An alternative proposed strategy is a two-step one. First, define cell types on the single cell level from scRNA-seq. Then, for each cell type sum up the counts for each biological sample (mouse) and treat them as “pseudobulk”, as if they were sorted cells from each sample. Now we can apply differential expression tests on the summed level. I applied the same models, but for such summed pseudobulks, now having only 17 observations rather than 1,856.

The OLS regression now seems much more reasonable, the GLM model still has the same issue of seeming overly confident, and interestingly, the Poisson multilevel model for the pseudobulk gives exactly the same results as for the single cell data. This idea of pseudobulk analysis was explored by Lun & Marioni 2017 [2].

There’s no particular ground truth here for a proper comparison, but the investigation suggests that it is possible to use multilevel models for differential expression. I like that the multilevel approach ties directly to the hierarchical nature of the experiment. Here I only used basic R functions rather than specialized DE packages. The specialized packages would do more clever things like empirical Bayes shrinkage across the genes, or use more sophisticated offsets than the total_count I use here. I just wanted to compare these strategies directly with naive implementation. (For an interested reader, I suggest the recent comparison by Soneson & Robinson 2018 [3].)

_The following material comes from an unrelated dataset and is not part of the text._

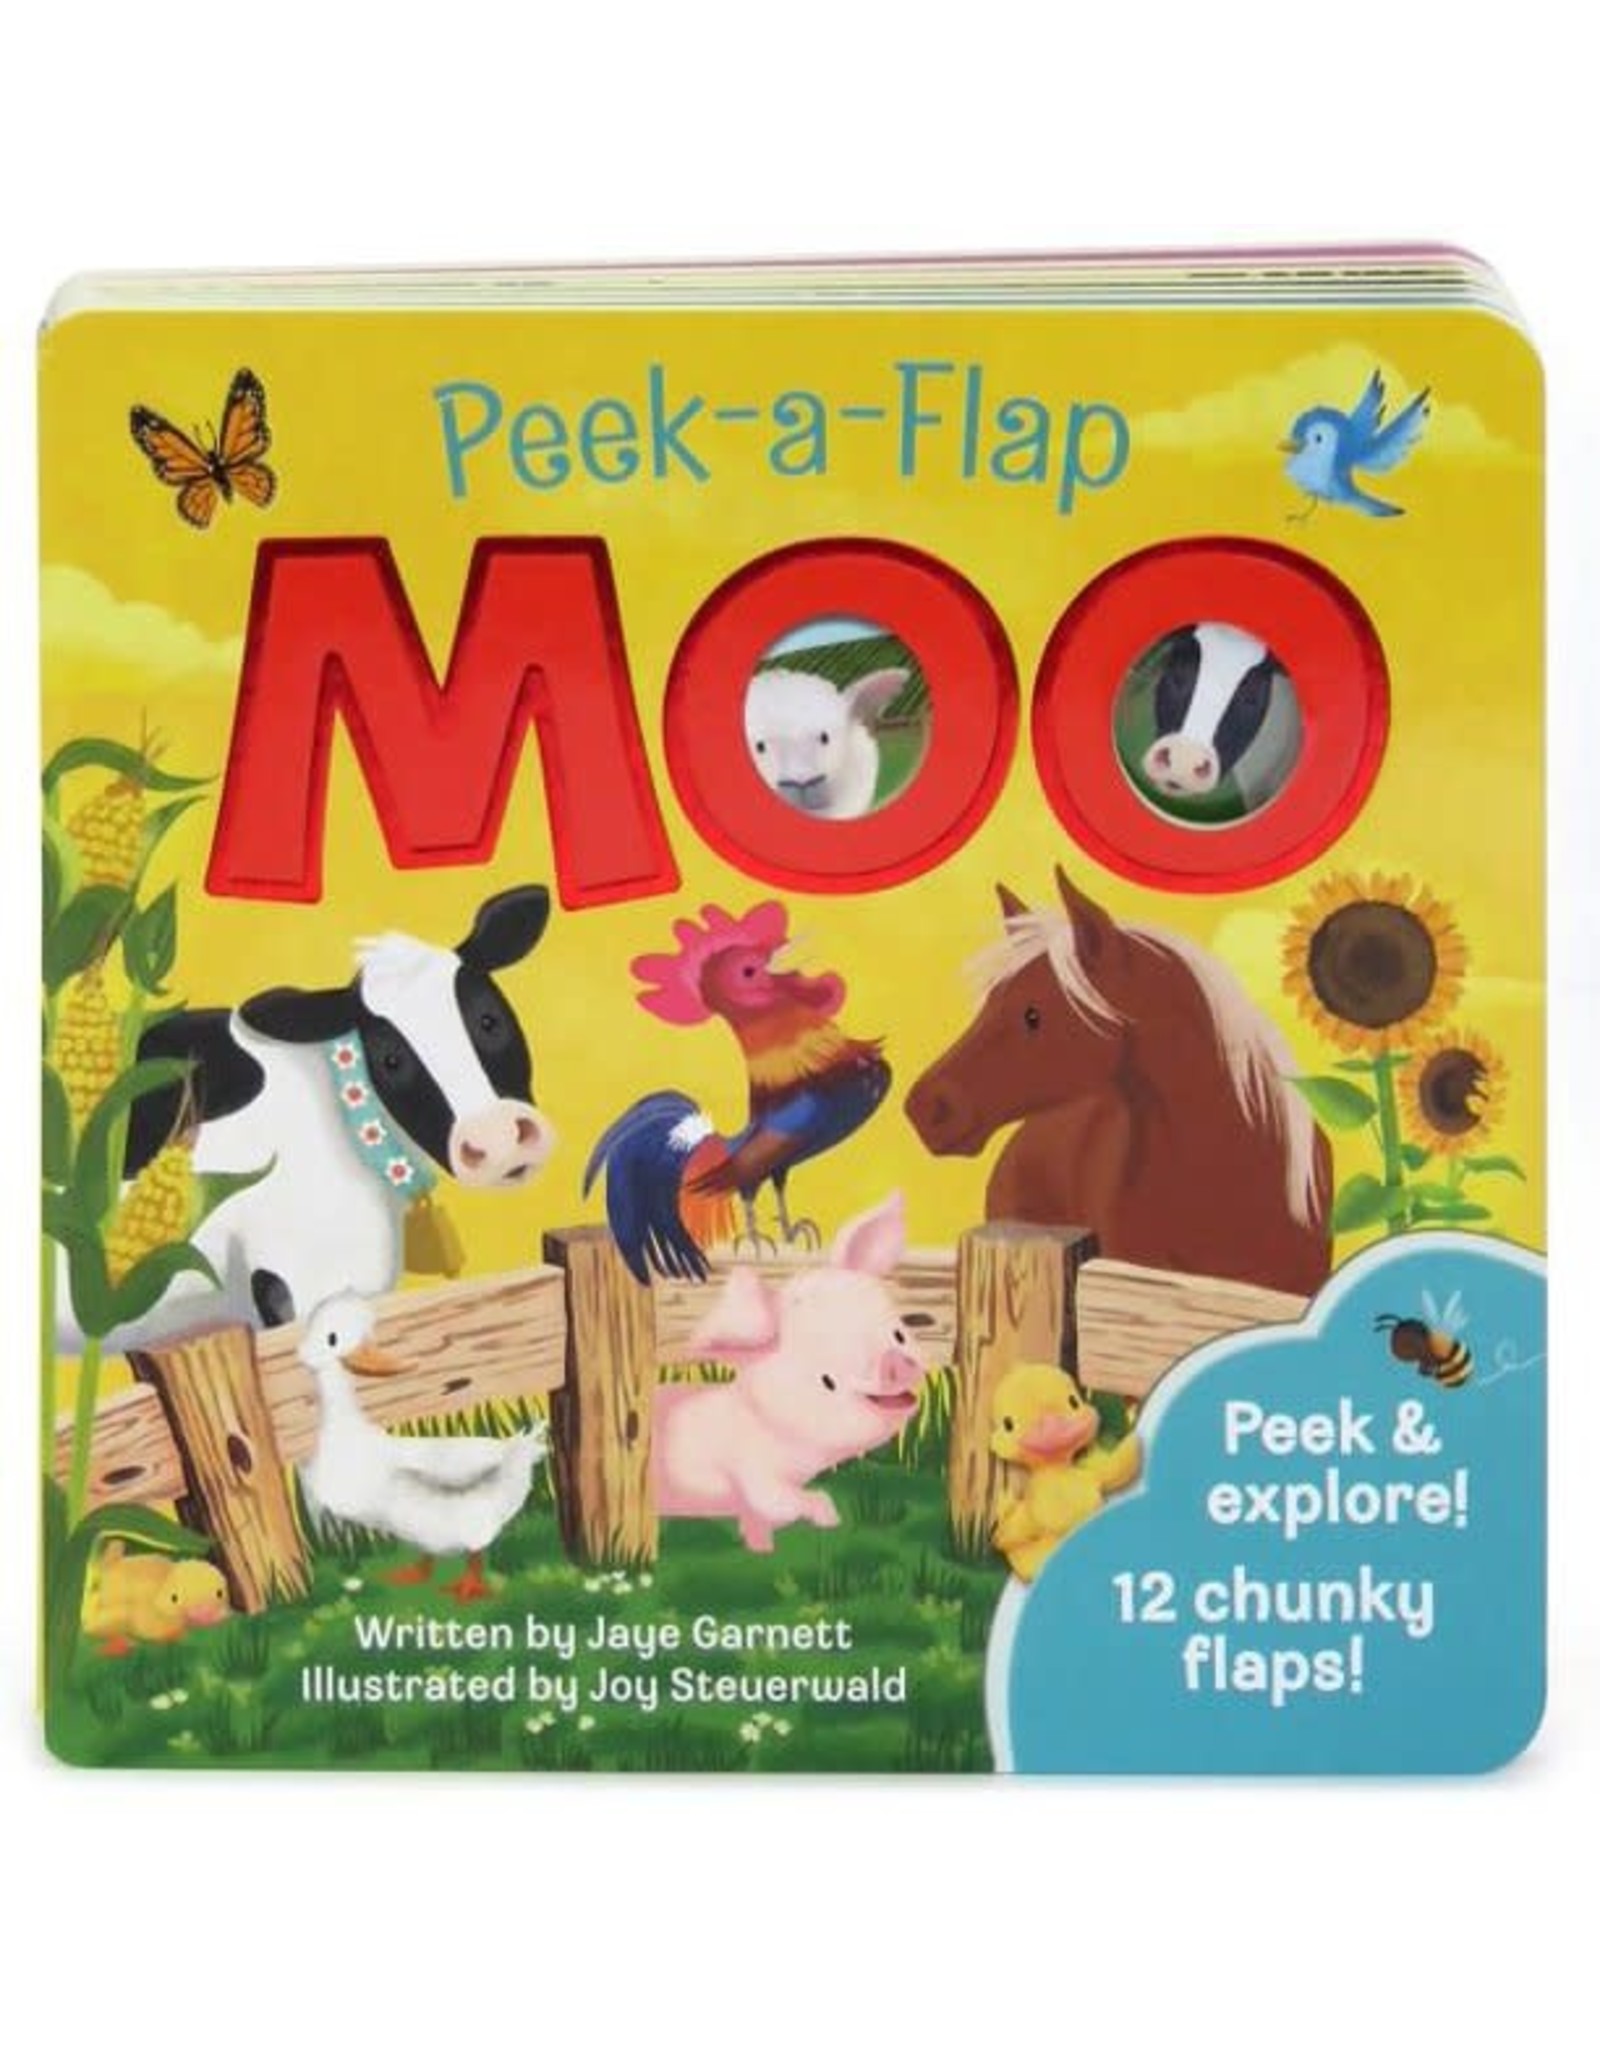 Peek-a-Flap Moo
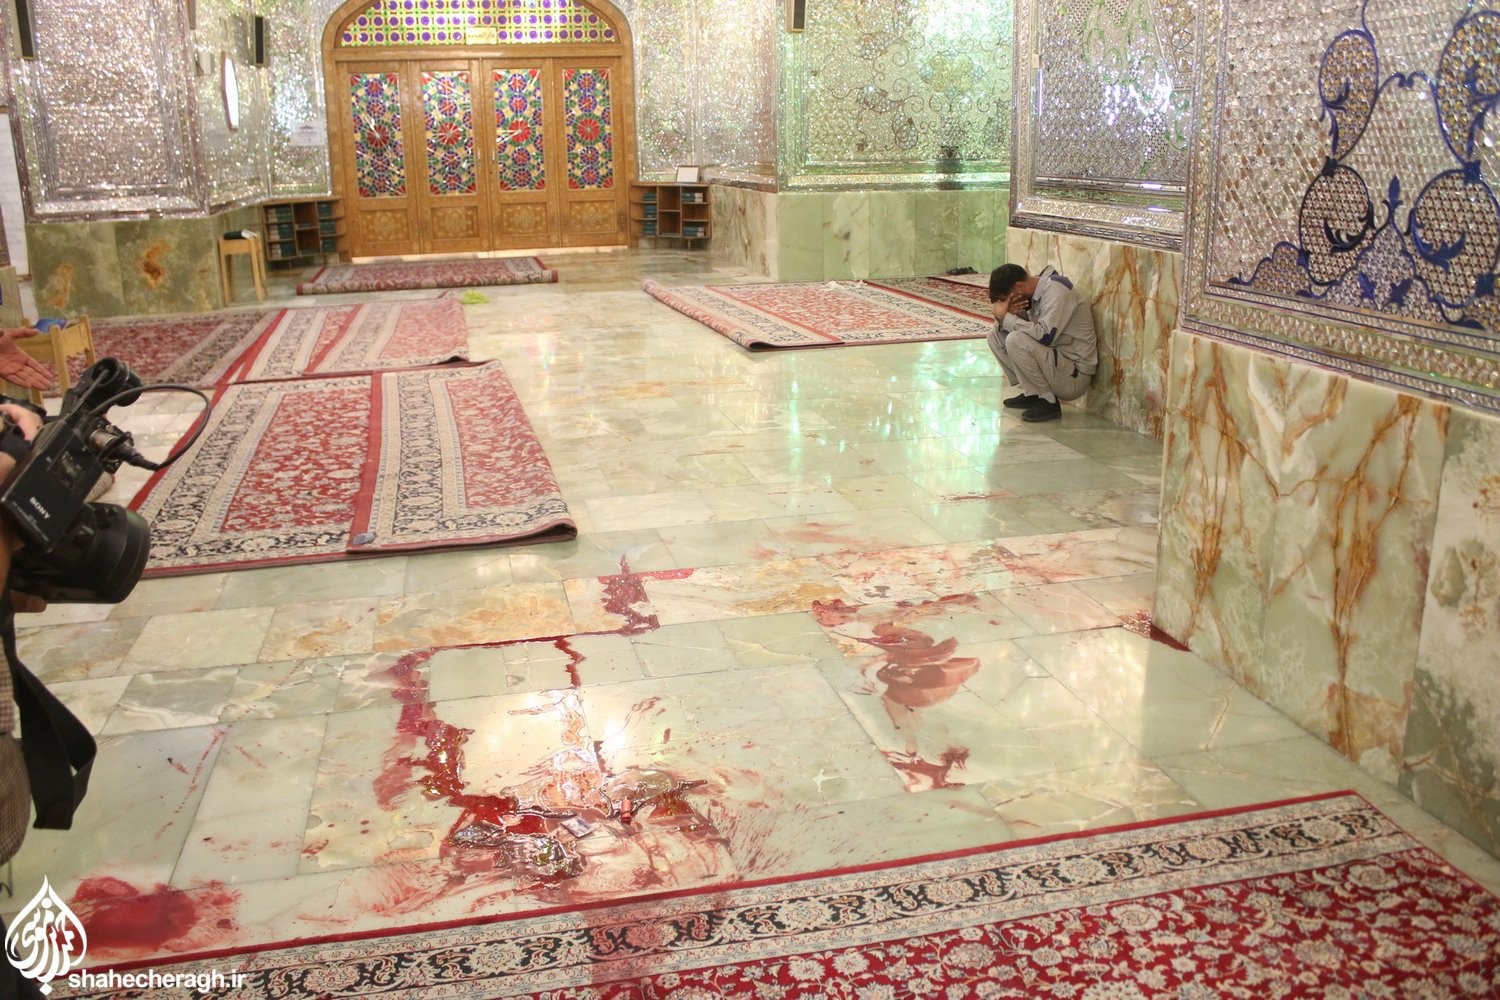 В Иране открыли стрельбу у мавзолея Шах-Черах: 15 погибших, десятки раненых (фото) - 5 - изображение

Finally, I used Poisson models here; there are plenty of reasons to think that negative binomial models would be more appropriate, and I might revisit these questions to test that at some point. Notebooks, R scripts, and other material for making this post are available on Github. Thanks to Lior Pachter for editorial feedback on this post.

## References

[1] S. Hrvatin et al., “Single-cell analysis of experience-dependent transcriptomic states in the mouse visual cortex,” Nat. Neurosci., vol. 21, no. 1, pp. 120–129, Jan. 2018.

[2] A. T. L. Lun and J. C. Marioni, “Overcoming confounding plate effects in differential expression analyses of single-cell RNA-seq data,” Biostatistics, vol. 18, no. 3, pp. 451–464, Jul. 2017.

[3] C. Soneson and M. D. Robinson, “Bias, robustness and scalability in single-cell differential expression analysis,” Nat. Methods, Feb. 2018.